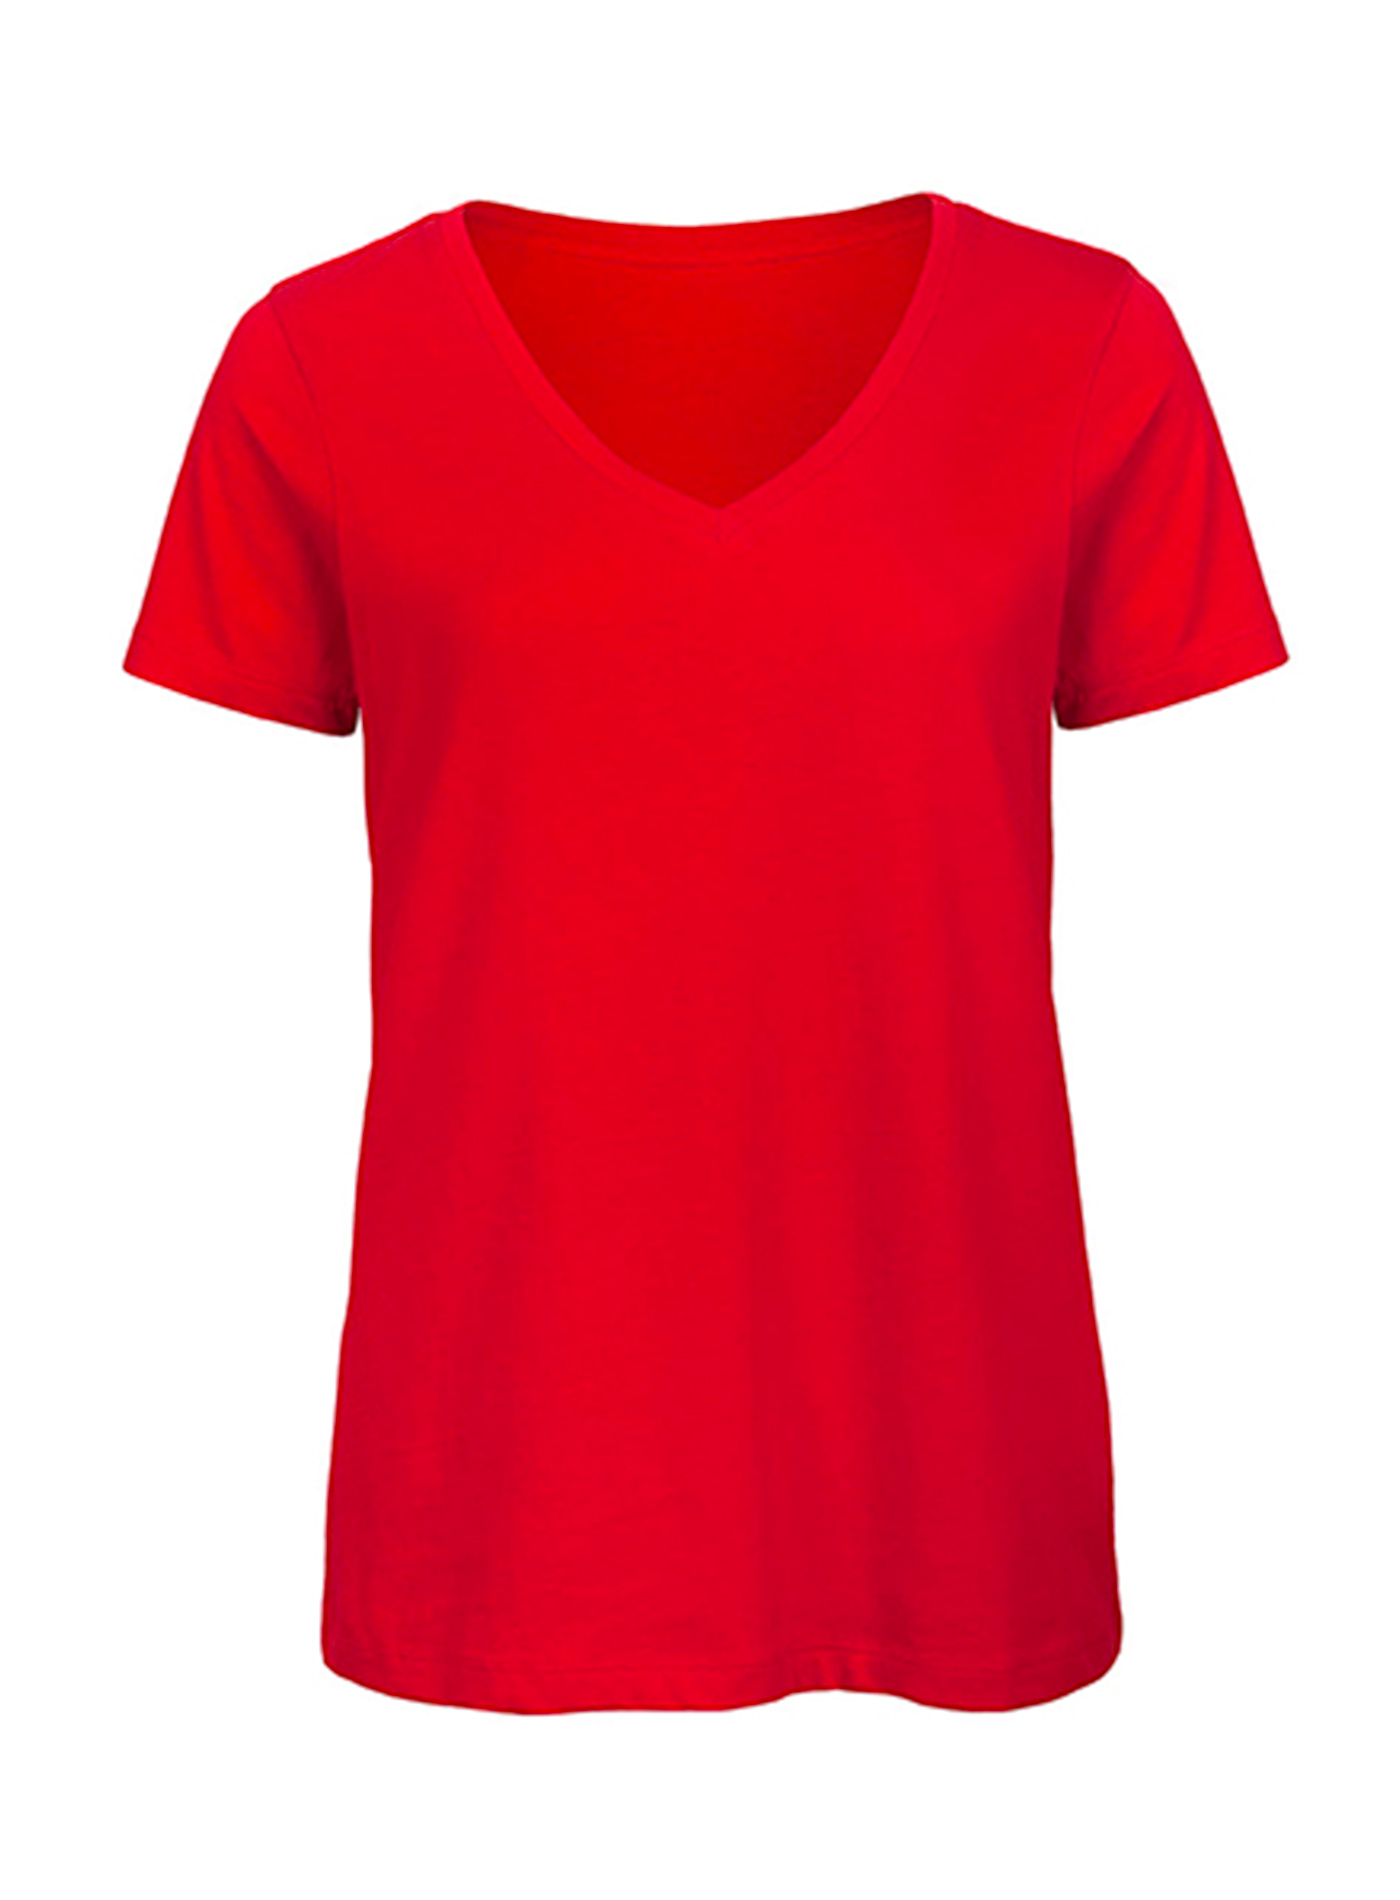 Dámské tričko s výstřihem do V B&C Collection Inspire - Červená L
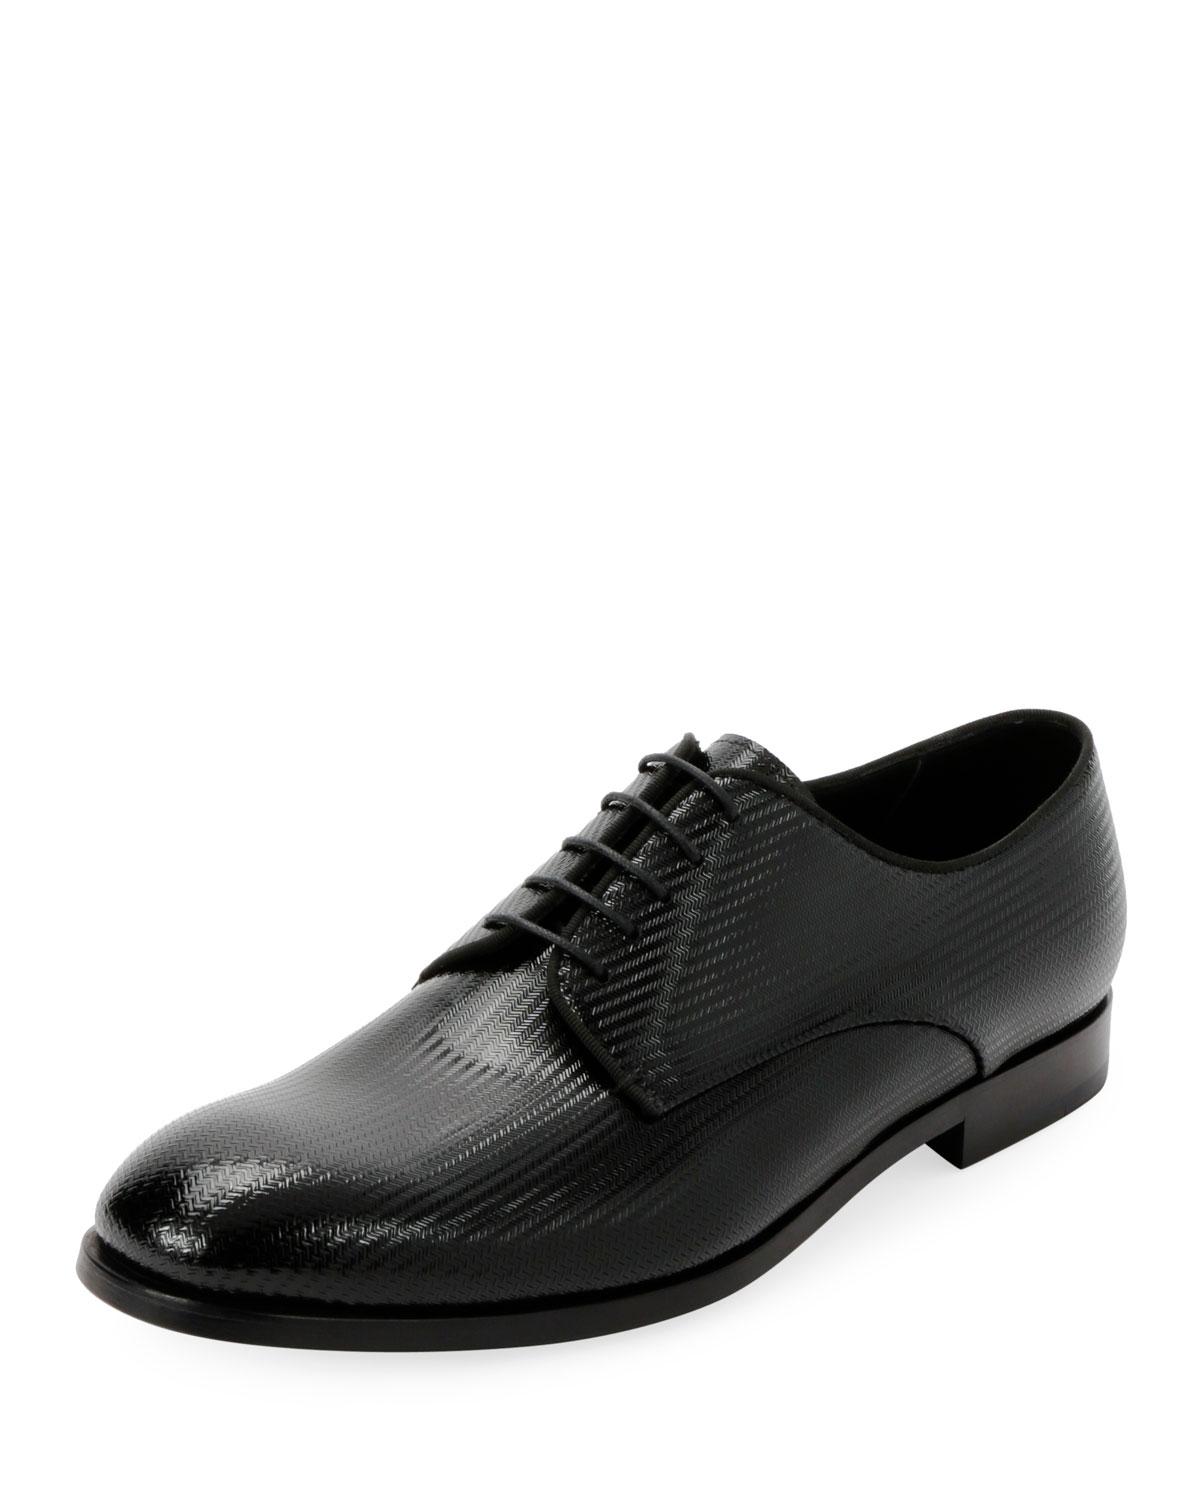 Lyst - Giorgio Armani Men's Formal Patent Chevron Leather Lace-up Shoe ...
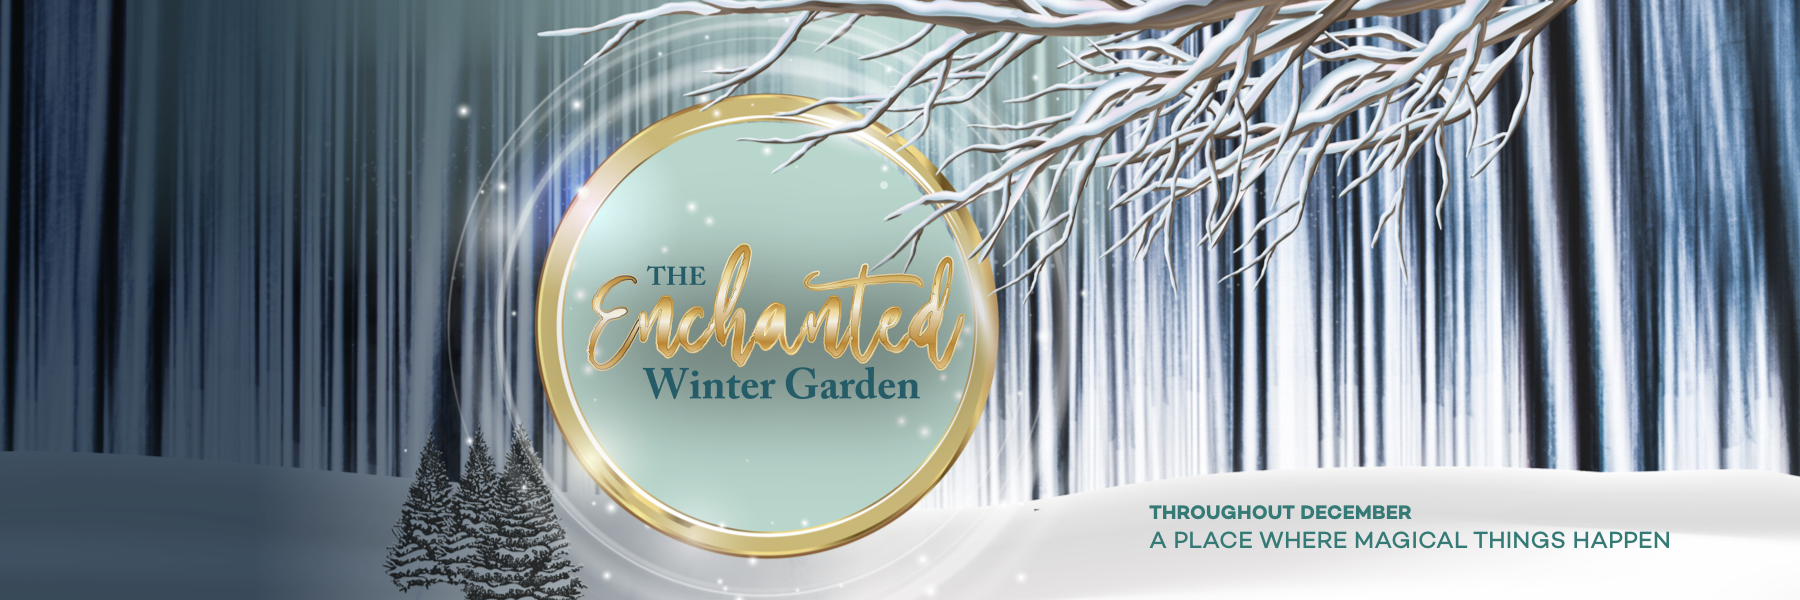 The Enchanted Winter Garden

Task instructions
Starting from the line where "Lyst - Giorgio" appears, copy every line through the end of the material, both ends included, but no pictures.

Reply to the task
 Lyst - Giorgio Armani Men's Formal Patent Chevron Leather Lace-up Shoe ...
 The Enchanted Winter Garden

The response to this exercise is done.